RIPON – Living in this small city 90 minutes northwest of Milwaukee, Zach Messitte had an idea. So he brought it to his synagogue board, where he’s a member.
“We’ve got to figure out a way here to get our community more plugged in with the Milwaukee community,” he remembers saying.
So Messitte and Board Chair Barb Kuhn recently headed down to Milwaukee on behalf of B’nai Israel congregation in Oshkosh, to visit Milwaukee Jewish Federation, have lunch at the Harry & Rose Samson Family Jewish Community Center in Whitefish Bay and tour the Downtown Milwaukee Jewish Museum Milwaukee. He’d made appointments in advance.
B’nai Israel has more than 40 families, Messitte said. He believes it’s important for rural synagogues like his to be linked to more vibrant Jewish communities like Milwaukee and Madison. It leads to plusses like having knowledge of the Milwaukee Jewish Film Festival, maybe starting a program to spend a day at the JCC and learning of other opportunities.
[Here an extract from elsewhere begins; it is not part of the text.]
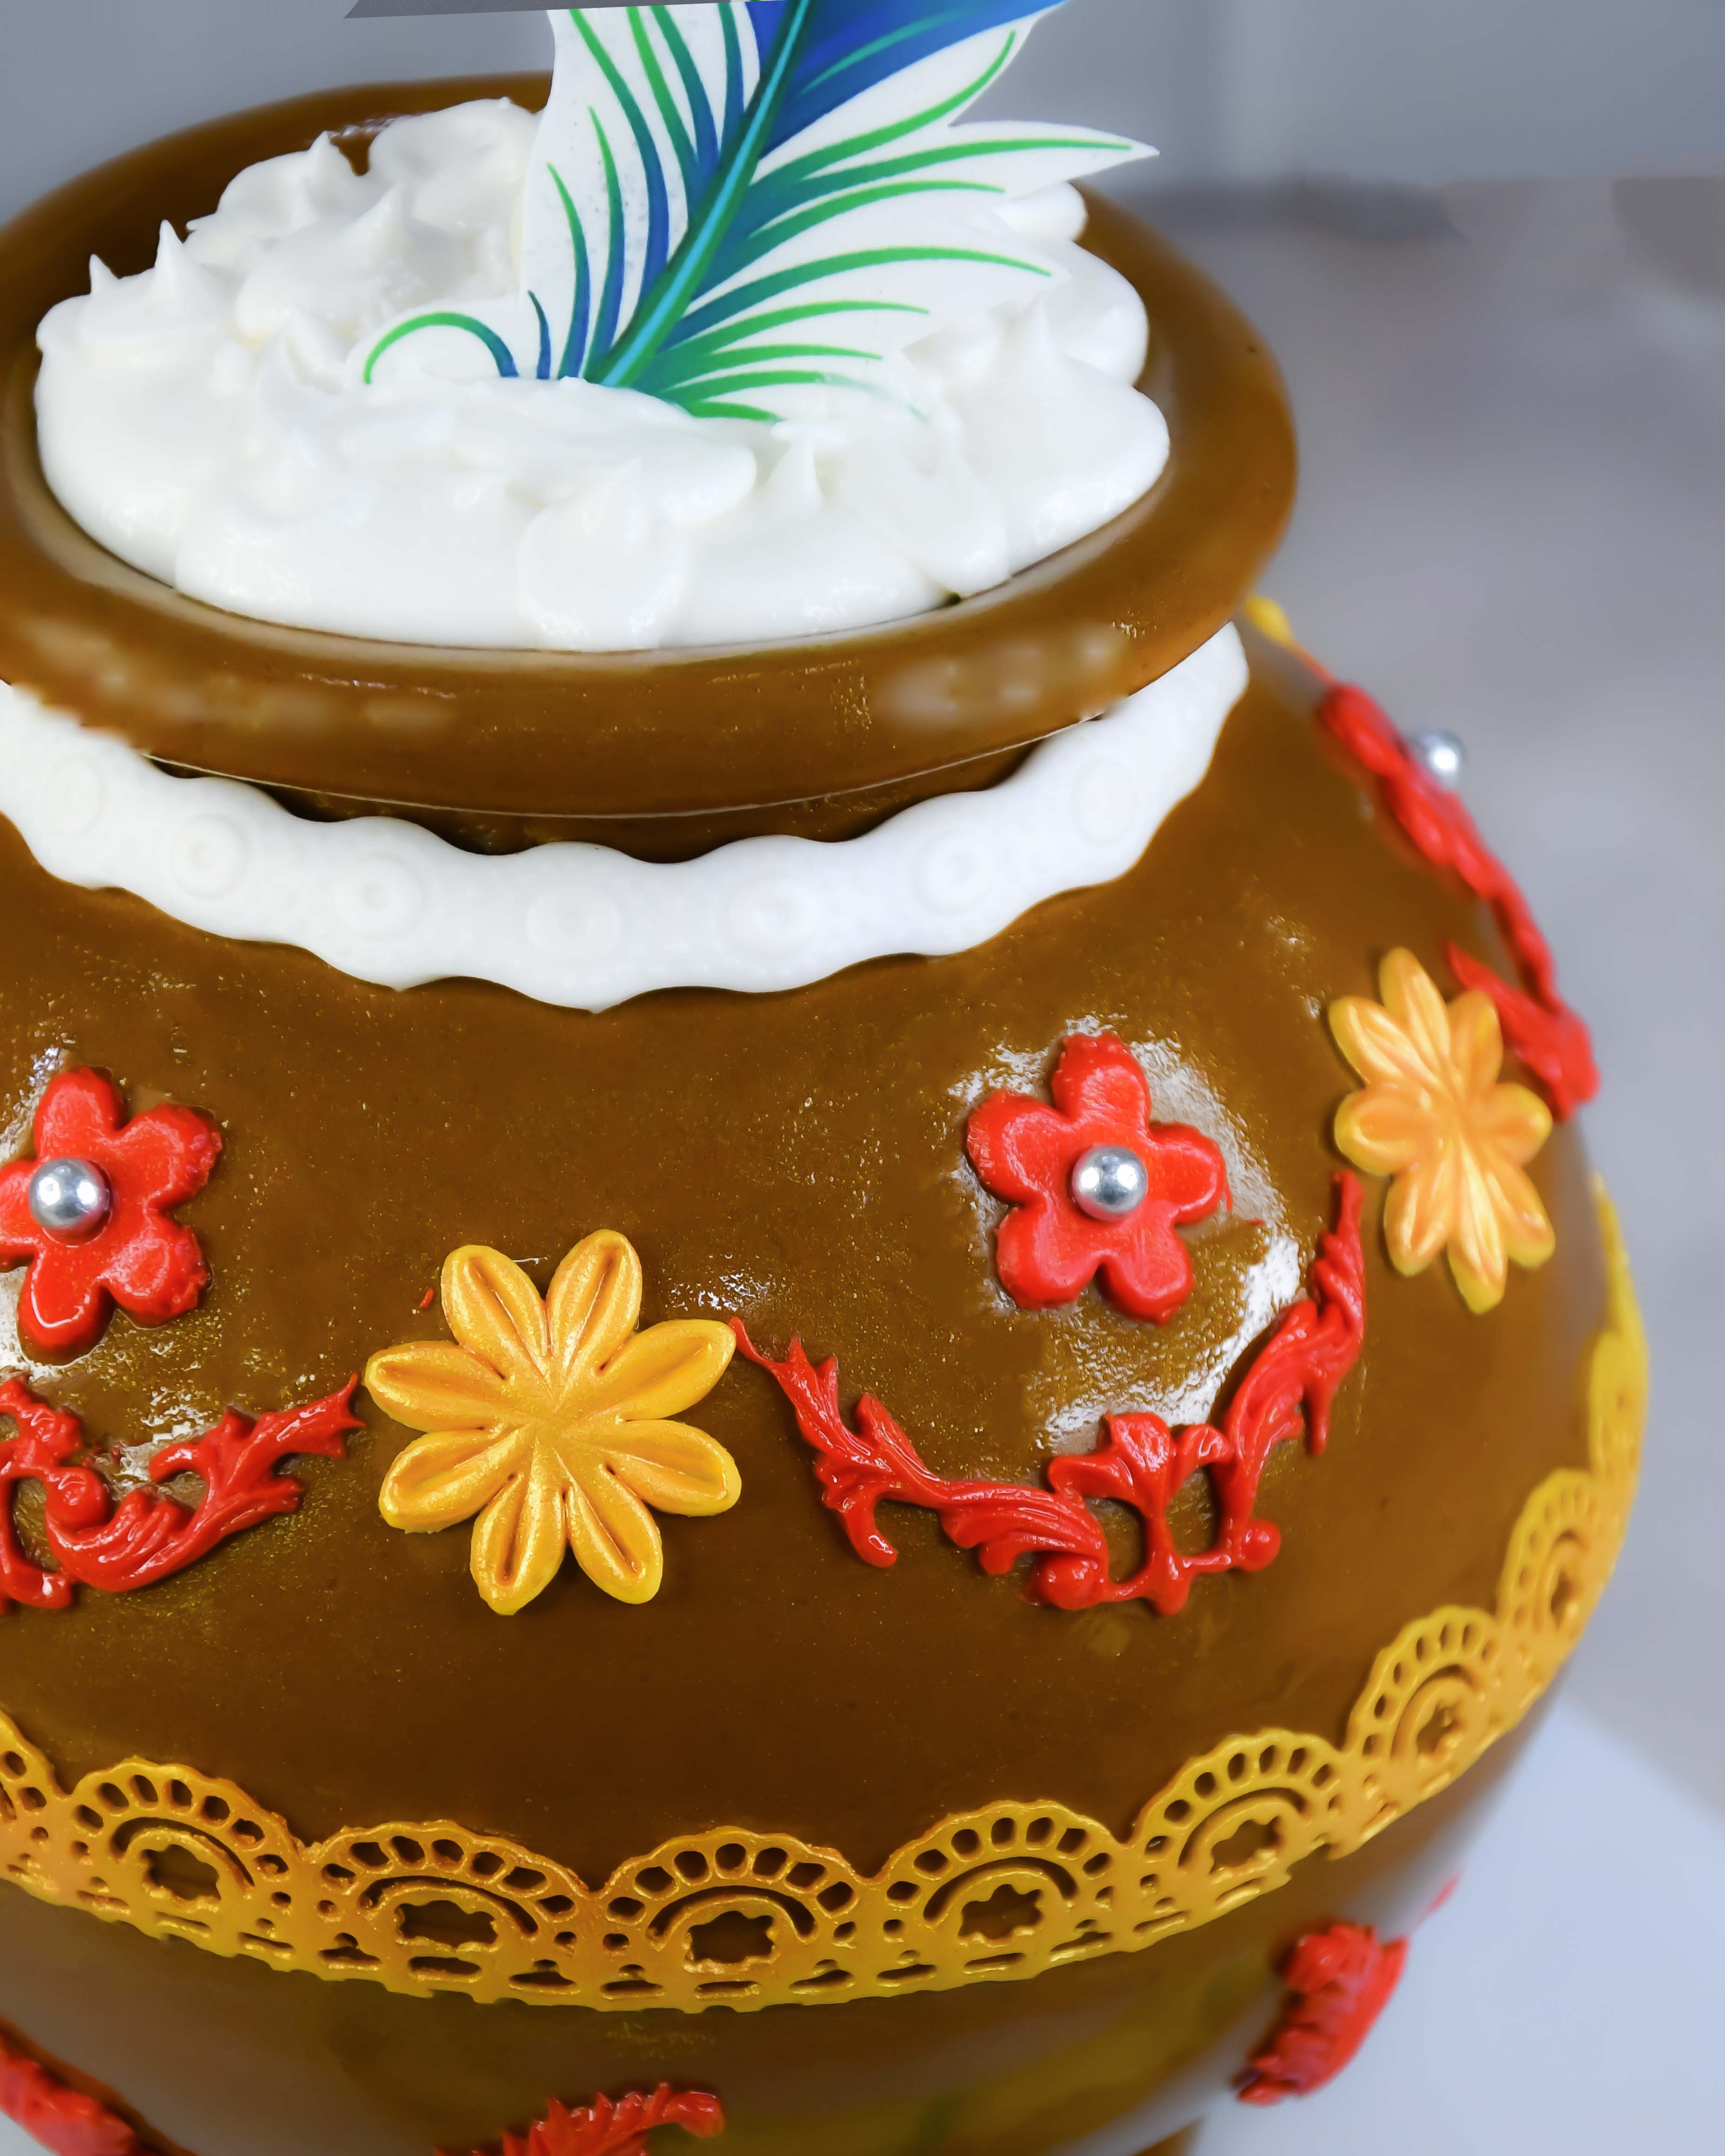 Mio Amore - Mio Amore wishes you a #SubhoBijoya. Now place order for this  beautifully hand-crafted Handi Cake from #mioamore #handicake | Facebook

“We don’t have access to that stuff here,” he said. “It’s an hour and 30 minutes away.”
During his trip, he learned the Chronicle is free and went back home promoting subscriptions. He also connected the Nathan and Esther Pelz Holocaust Education Resource Center of the Milwaukee Jewish Federation with the Ripon Middle School for possible programming there. And now plans are in the works to have someone from Milwaukee Jewish Federation to speak at B’nai Israel congregation in Oshkosh about camp programs.
Messitte grew up Jewish with a strong connection to Israel through family. His bar mitzvah was at the Western Wall.
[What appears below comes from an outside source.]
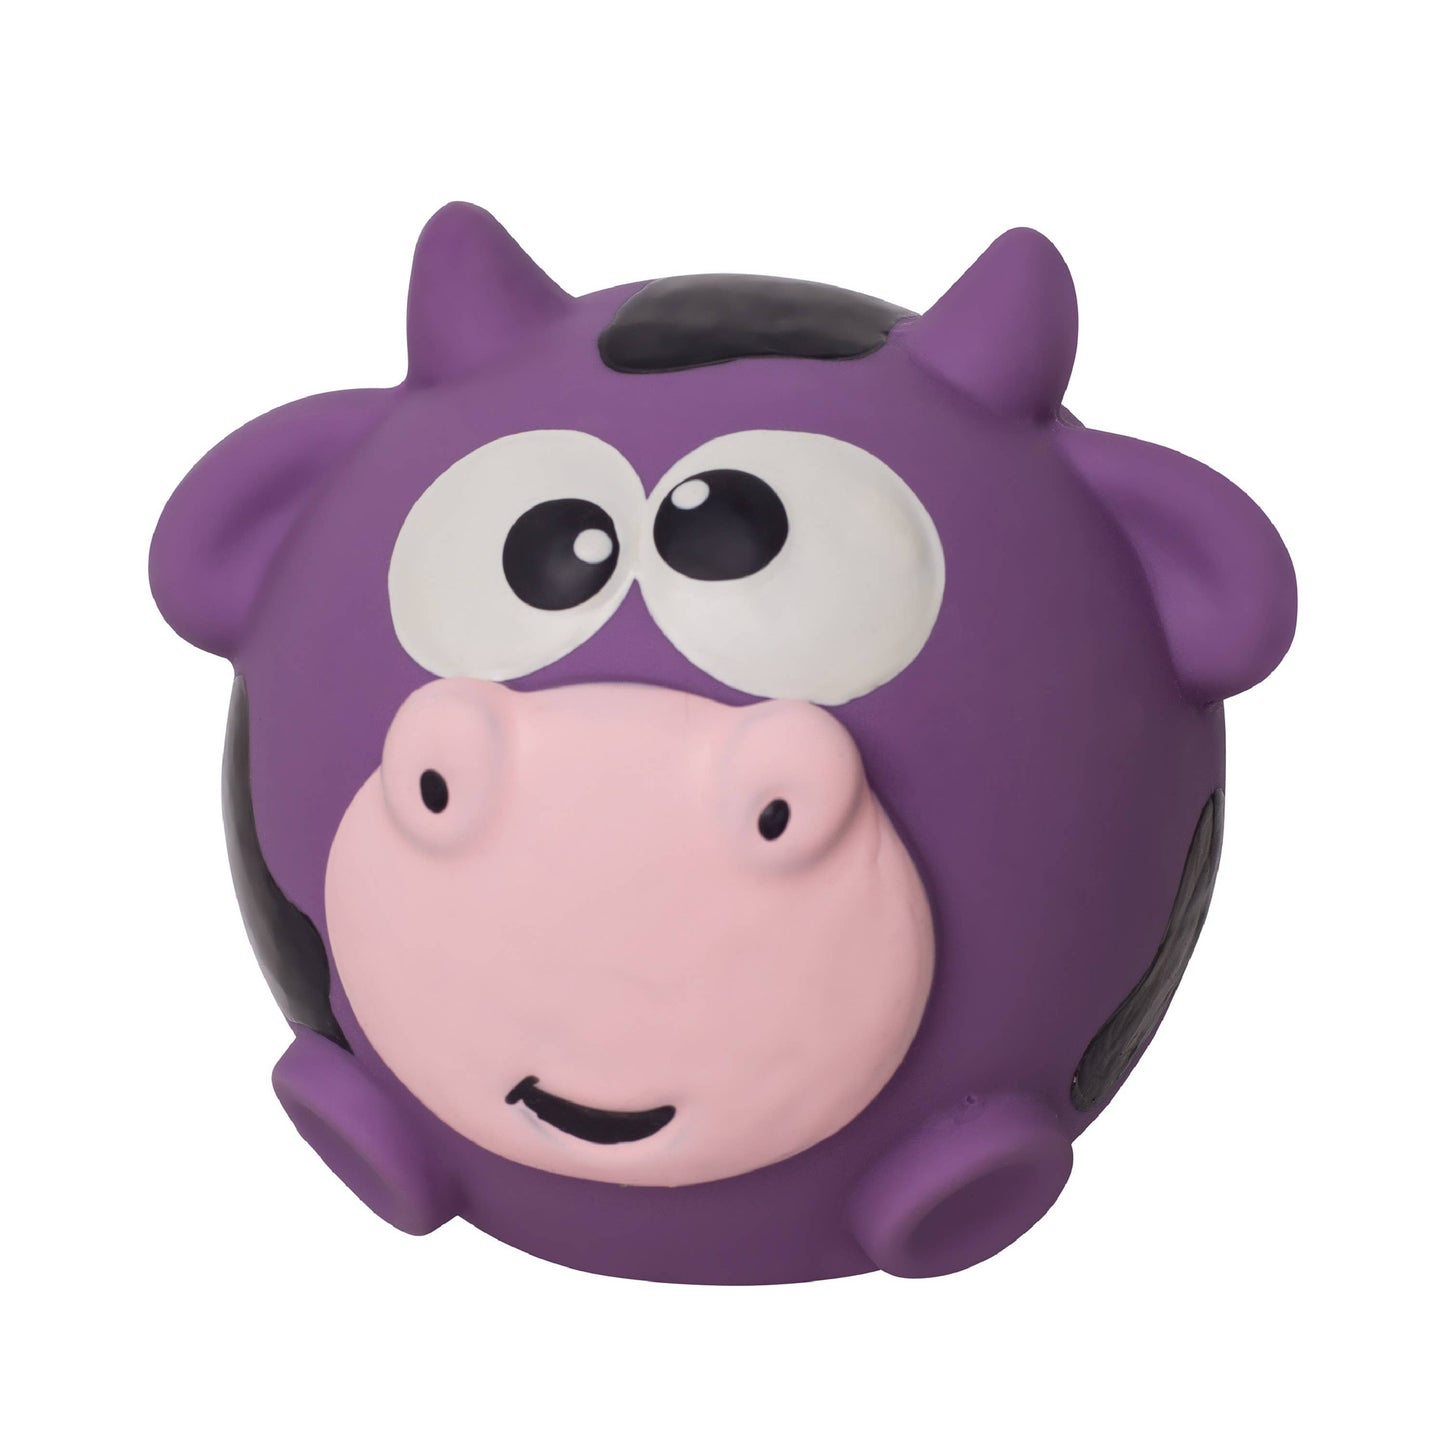 Outward Hound Sillyz Cow Latex Squeaky Ball Toy Purple

Now, he truly appreciates the Steve & Shari Sadek Family Camp Interlaken JCC in Eagle River, where his two sons have been attending for years.
“They love it. This is how they have their Jewish identity culturally in many ways. This is how they have their friends from the Milwaukee area and they get a worldview,” he said.
“The importance of Interlaken as a way for me to pass some of these Jewish values onto my children has been such a wonderful thing living here in Wisconsin.”
Messitte has tried to pay it forward. As president of Ripon College, he’s hosted Passover for students at his home and arranged rides to his synagogue for the High Holidays.
“There are always a handful of Jewish students here,” he said.
At a graduation, he heard from one parent, something along the lines of, “Thank you for allowing my daughter to continue to have her Jewish identity at a school that doesn’t have a large population of Jewish students.”
He said, “I would want someone to do that for my kids if they were in a similar situation.”